As you might have known, the global alignment is affected by numerous factors and the result might not be the "true alignment". Also, various algorithms give different result for same input sequence. You can test this by using the sample sequence above in ClustalO, MAFFT, T-Coffee and Muscle programs online.

The ClustalO generates pairwise distances between sequences and then executes progressive alignment based on distance matrix. Input, output, percent identity matrix, phylogenetic tree files can be downloaded from online ClustalO service.

lustal2-result-summar

The "Submission Details" tab contains information about how the software was run in the server.

lustal3-submissio

Let's run ClustalO locally the exactly same way it has run on the server.

Multiple Sequence Alignment in commandline

Use the "garfield" sequences to perform MSA in terminal.

There are numerous output formats available:

--outfmt={a2m=fa[sta],clu[stal],msf,phy[lip],selex,st[ockholm],vie[nna]} MSA output file format (default: fasta)

Let's perform multiple sequence alignment with minimum number of arguments

$ clustalo --infile garfield.fa 

>Sequence1
GARFIELDTHELASTFAT-CAT
>Sequence2
GARFIELDTHEFASTCAT----
>Sequence3
GARFIELDTHEVERYFASTCAT
>Sequence4
--------THEFAT-----CAT
clustalo --infile garfield.fa 

The default output format is fasta formatted multiple sequence alignment.

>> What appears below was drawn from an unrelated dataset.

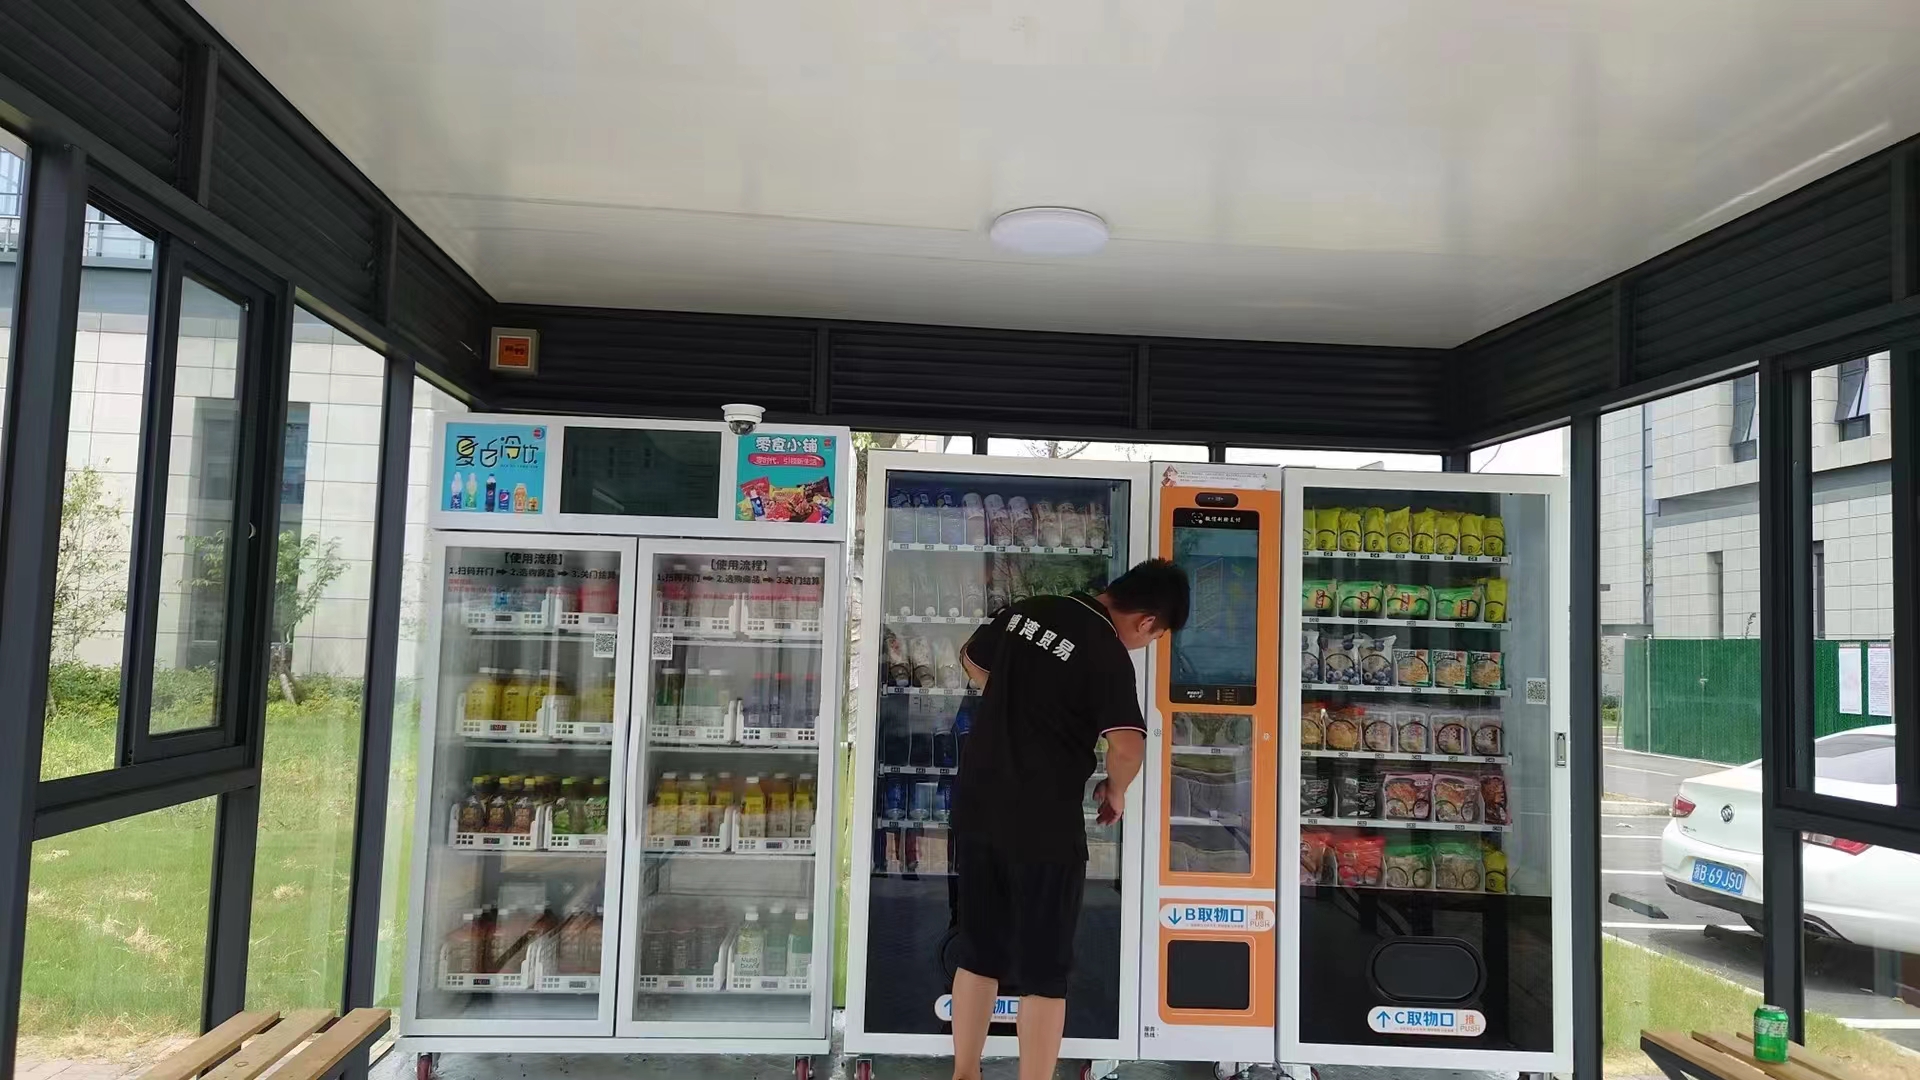 smart fridge vending machine and spiral vending machine in the city park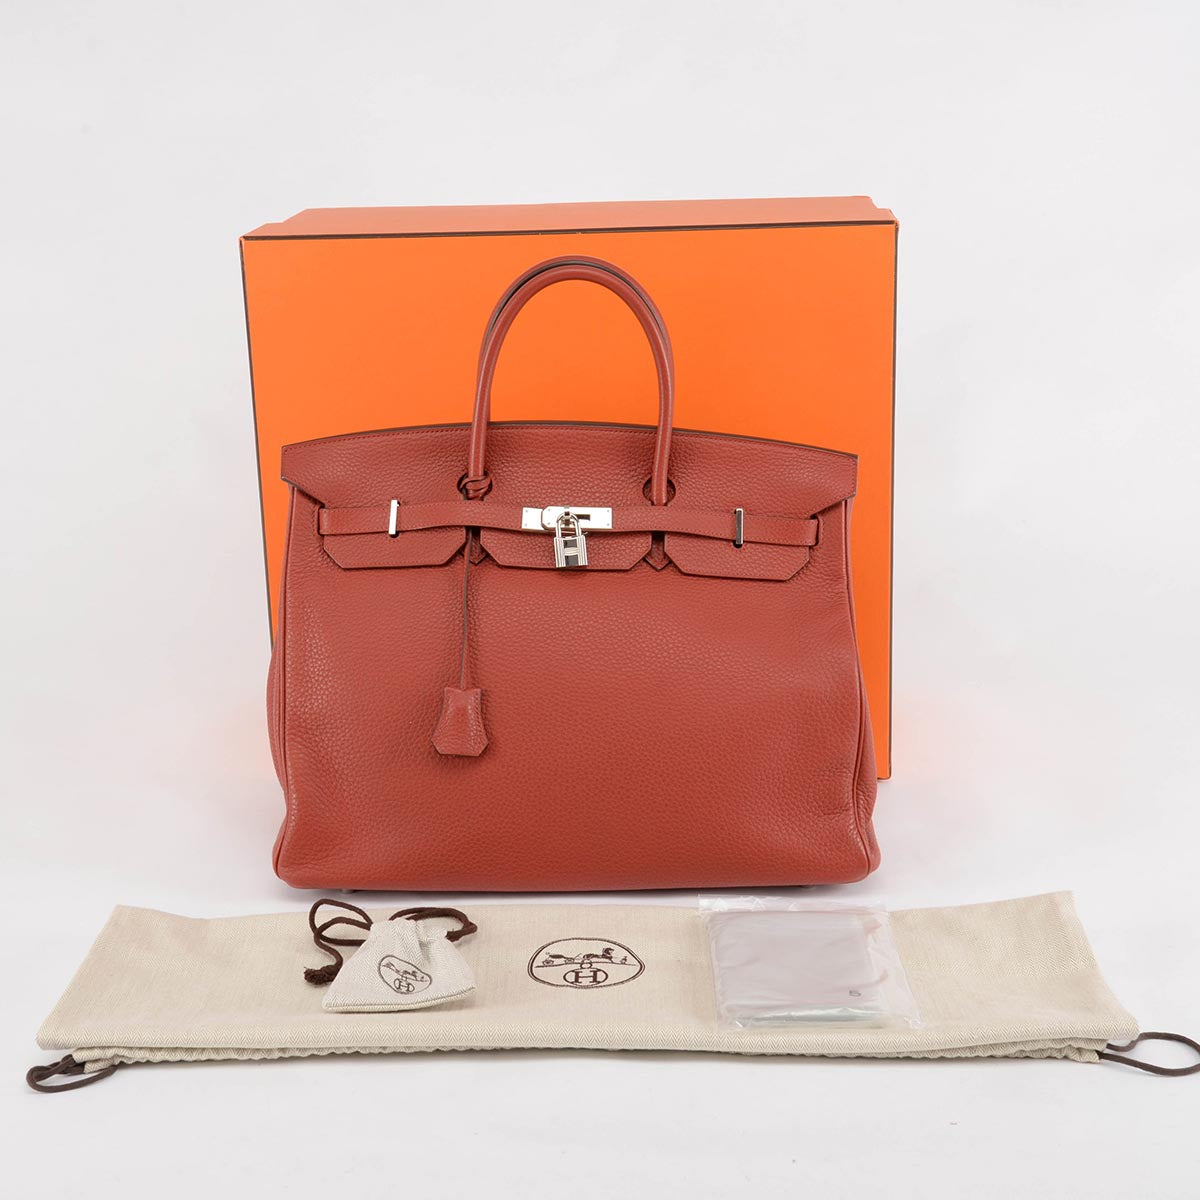 Replica Hermes Birkin 40 Handmade Bag In Canopee Clemence Leather

Let's check out clustal output

$ clustalo --infile garfield.fa  --outfmt clustal

CLUSTAL O(1.2.4) multiple sequence alignment


Sequence1      GARFIELDTHELASTFAT-CAT
Sequence2      GARFIELDTHEFASTCAT----
Sequence3      GARFIELDTHEVERYFASTCAT
Sequence4      --------THEFAT-----CAT
                       ***.
clustalo --infile garfield.fa  --outfmt clustal

Let's match the commandline arguments with submission details of online version of ClustalO.

$ clustalo --infile garfield.fa --threads 8 --MAC-RAM 8000  --outfmt clustal --resno  --output-order tree-order --seqtype protein

CLUSTAL O(1.2.4) multiple sequence alignment


Sequence4      --------THEFAT-----CAT	9
Sequence3      GARFIELDTHEVERYFASTCAT	22
Sequence1      GARFIELDTHELASTFAT-CAT	21
Sequence2      GARFIELDTHEFASTCAT----	18
                       ***.   
clustalo --infile garfield.fa --threads 8 --MAC-RAM 8000  --outfmt clustal --resno  --output-order tree-order --seqtype protein

The output matches exactly the output from online version.